What is being asked
Word for word, please copy the listing below, with its pictures left out.

Input data
• • • • •

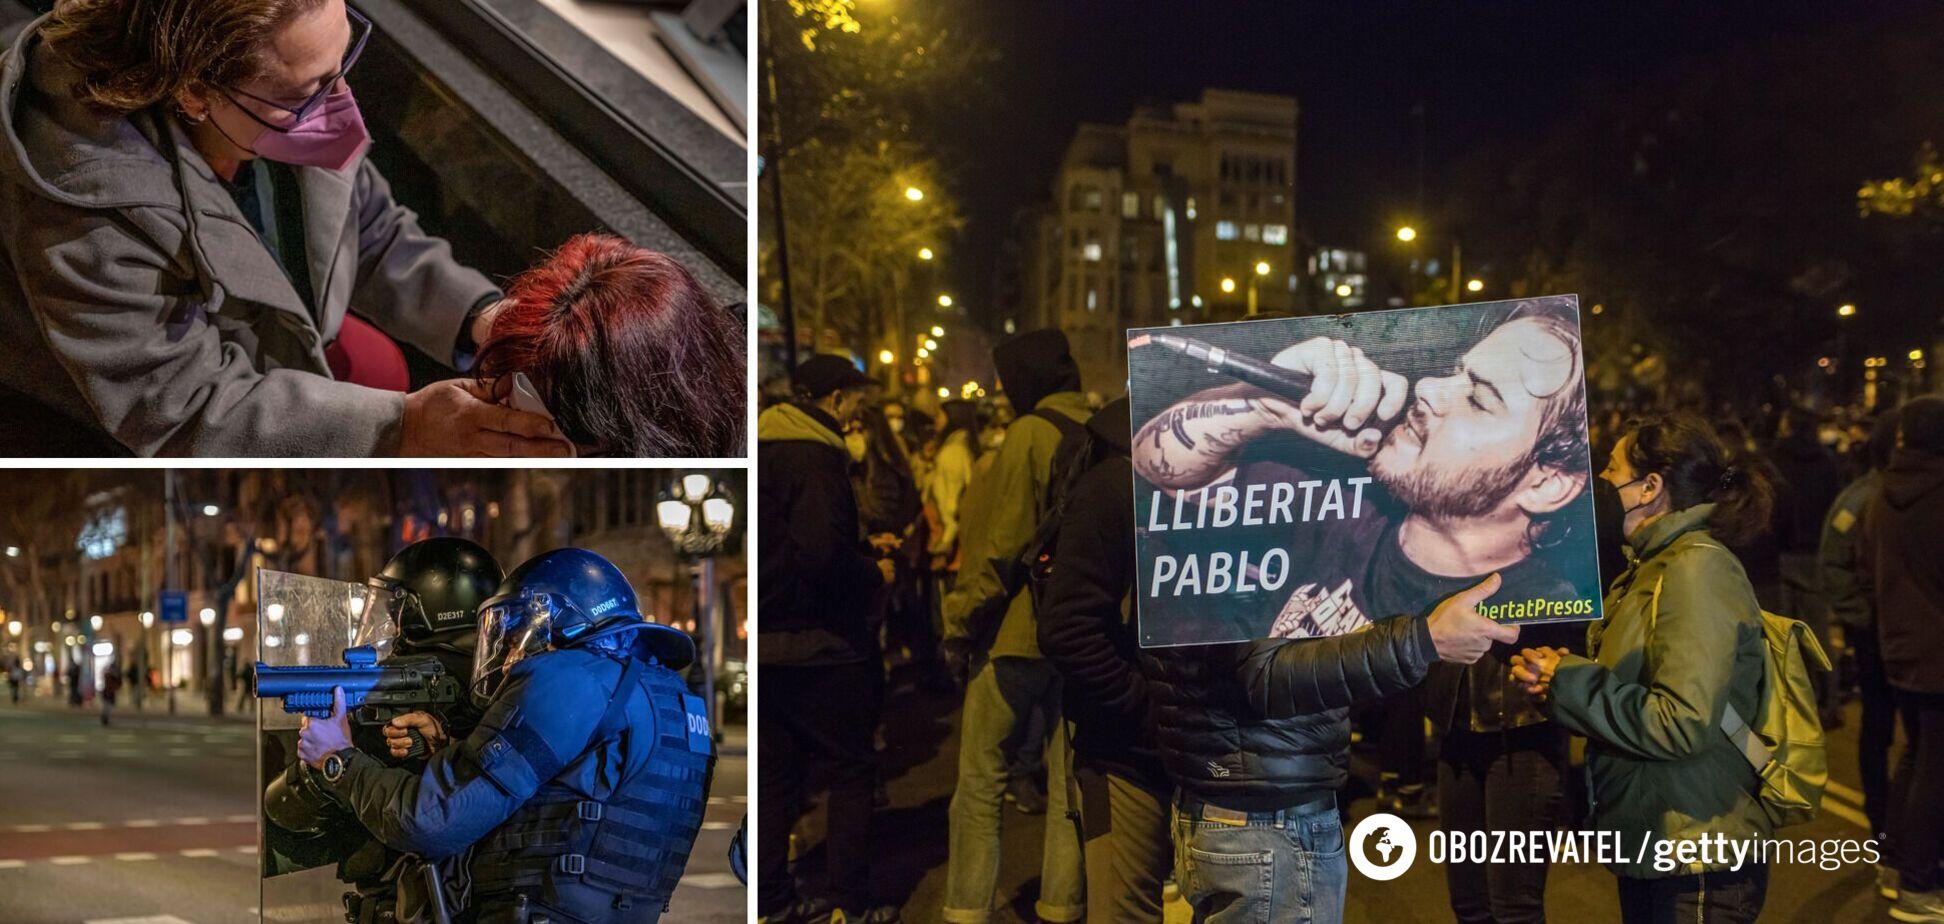 В Іспанії сталися масові погроми і сутички з копами через репера. Фото та відео
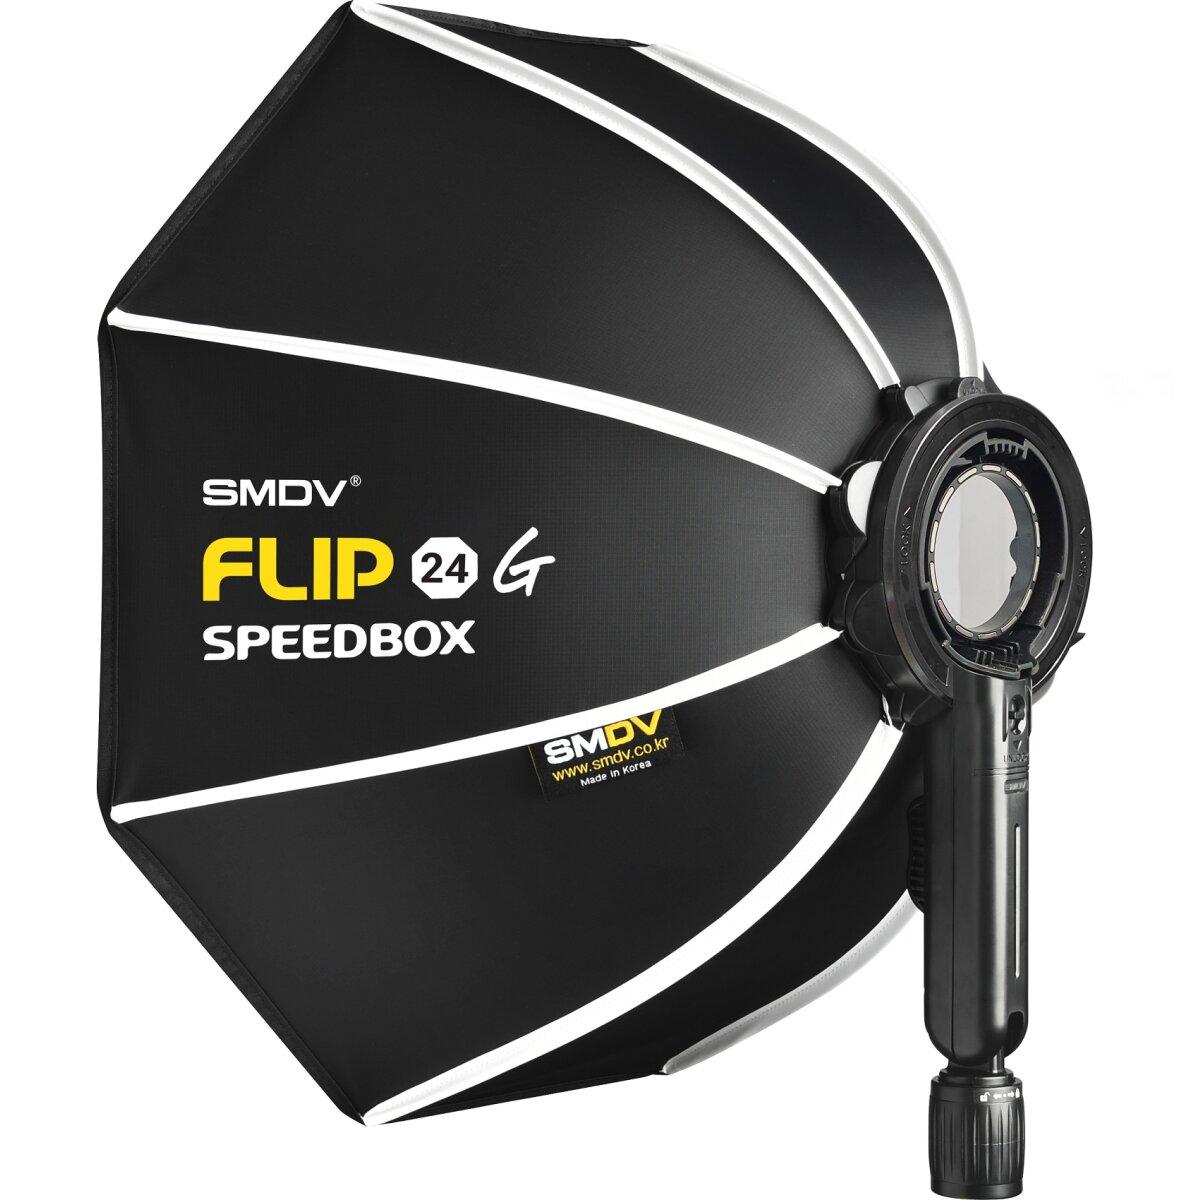 Impulsfoto SMDV Innovative Softbox Speedbox-Flip24 - 60 cm | Erste Klappbare Softbox der Welt | 525 x 130 mm | Winkel Verstellbar | Mit Adapter für Profoto A1
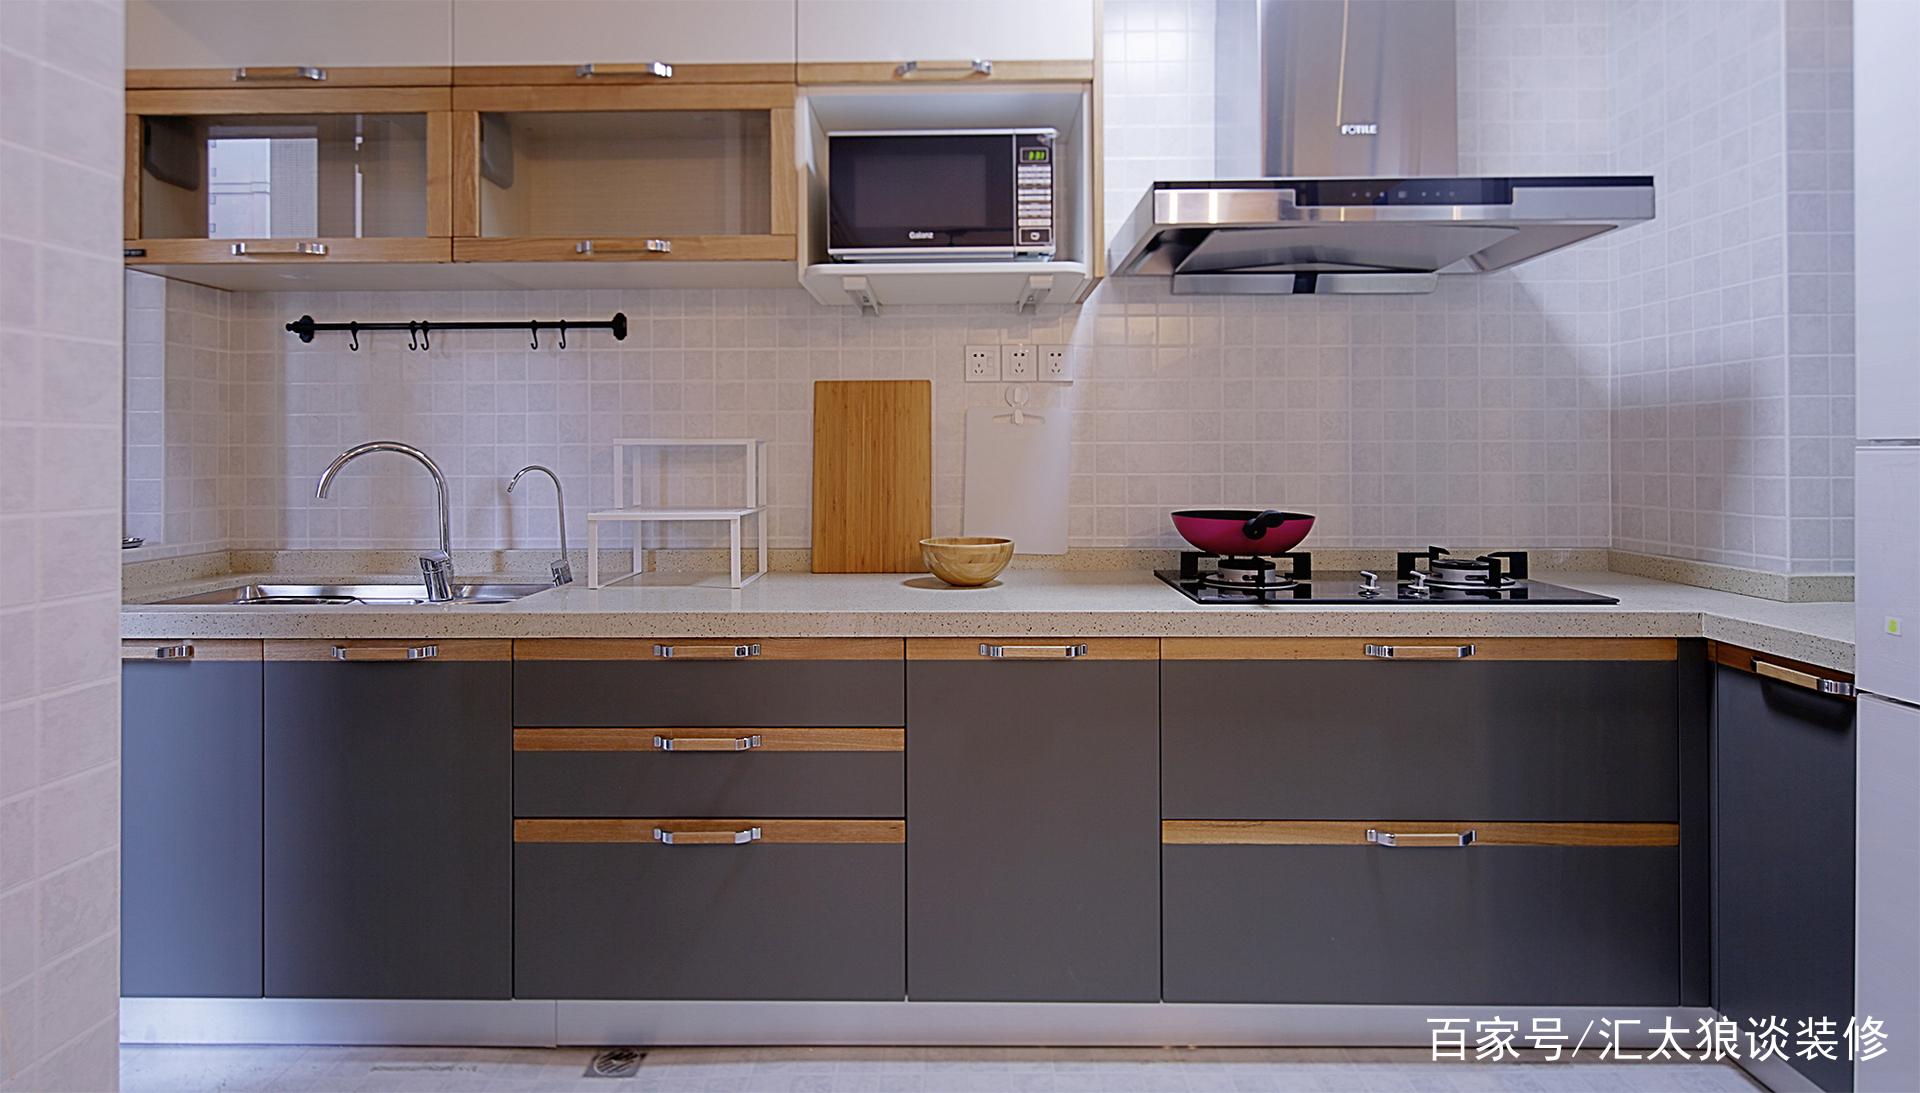 厨房内部,采用北欧风格中常见的白灰和原木三色混搭,明亮又整洁.
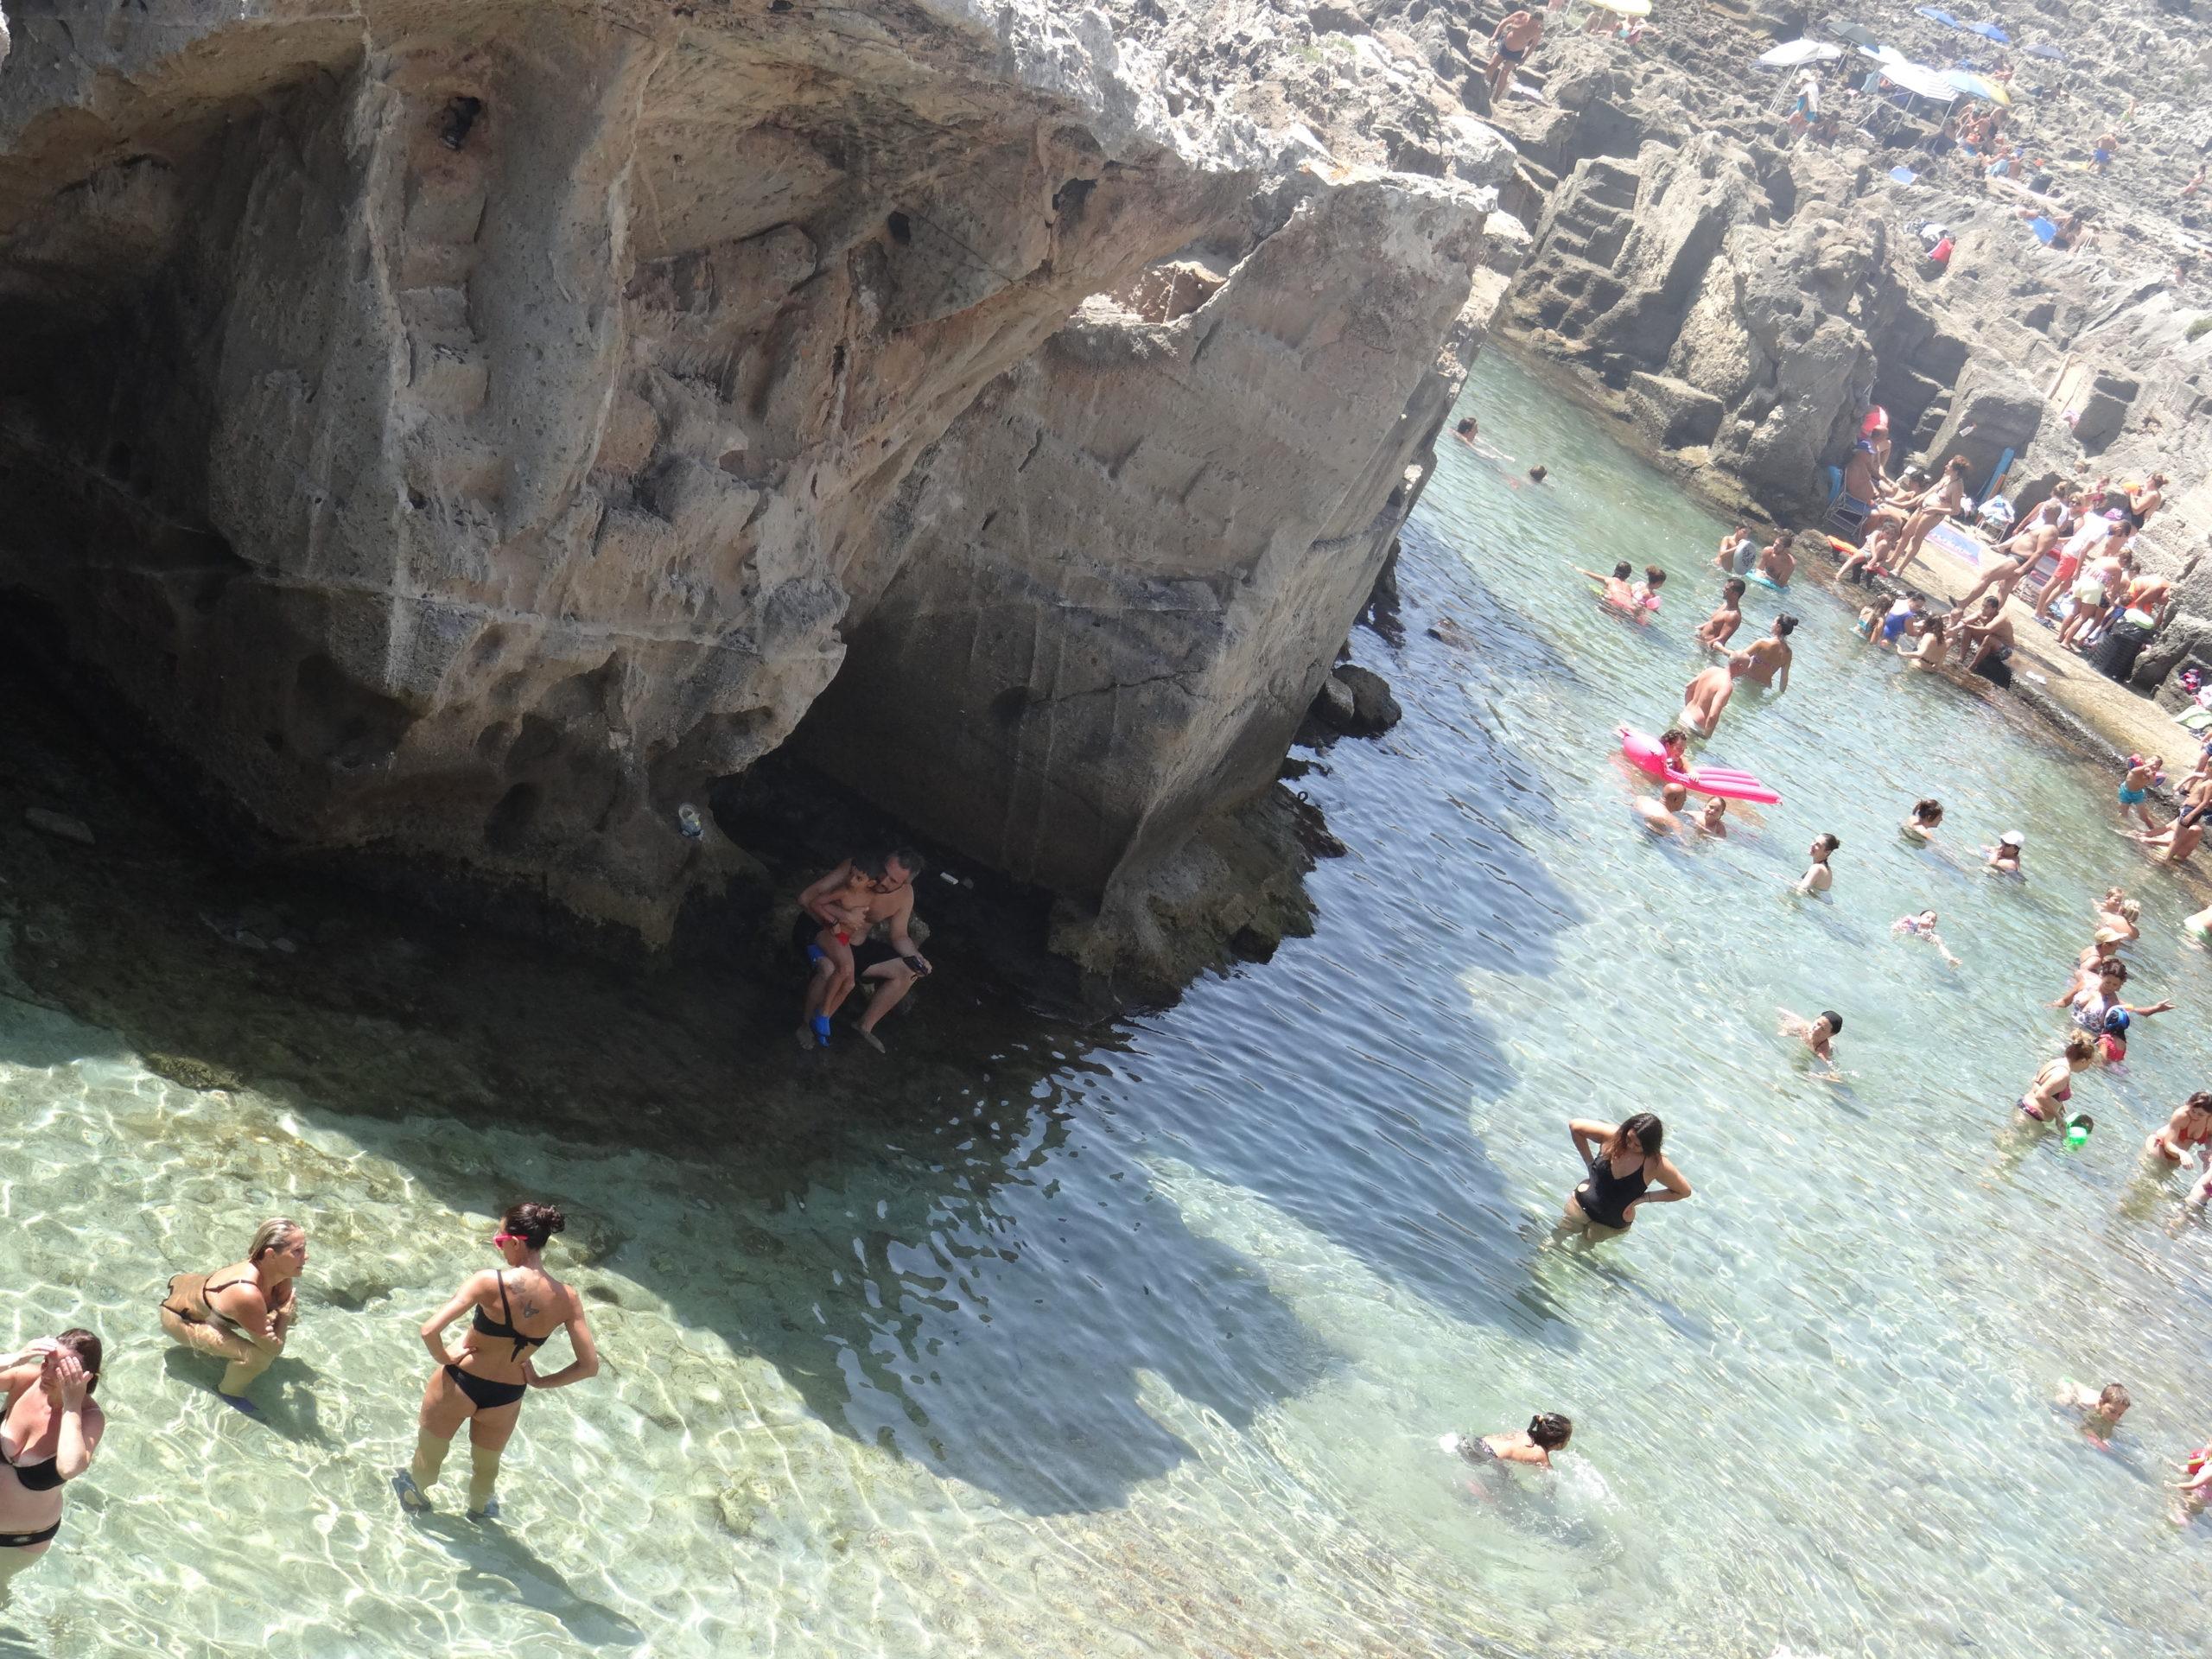 The natural swimming basin at Marina Serra in Salento, Puglia.

• • • • •

Answer to this task
 В Іспанії сталися масові погроми і сутички з копами через репера. Фото та відео
 Impulsfoto SMDV Innovative Softbox Speedbox-Flip24 - 60 cm | Erste Klappbare Softbox der Welt | 525 x 130 mm | Winkel Verstellbar | Mit Adapter für Profoto A1
 厨房内部,采用北欧风格中常见的白灰和原木三色混搭,明亮又整洁.
 The natural swimming basin at Marina Serra in Salento, Puglia.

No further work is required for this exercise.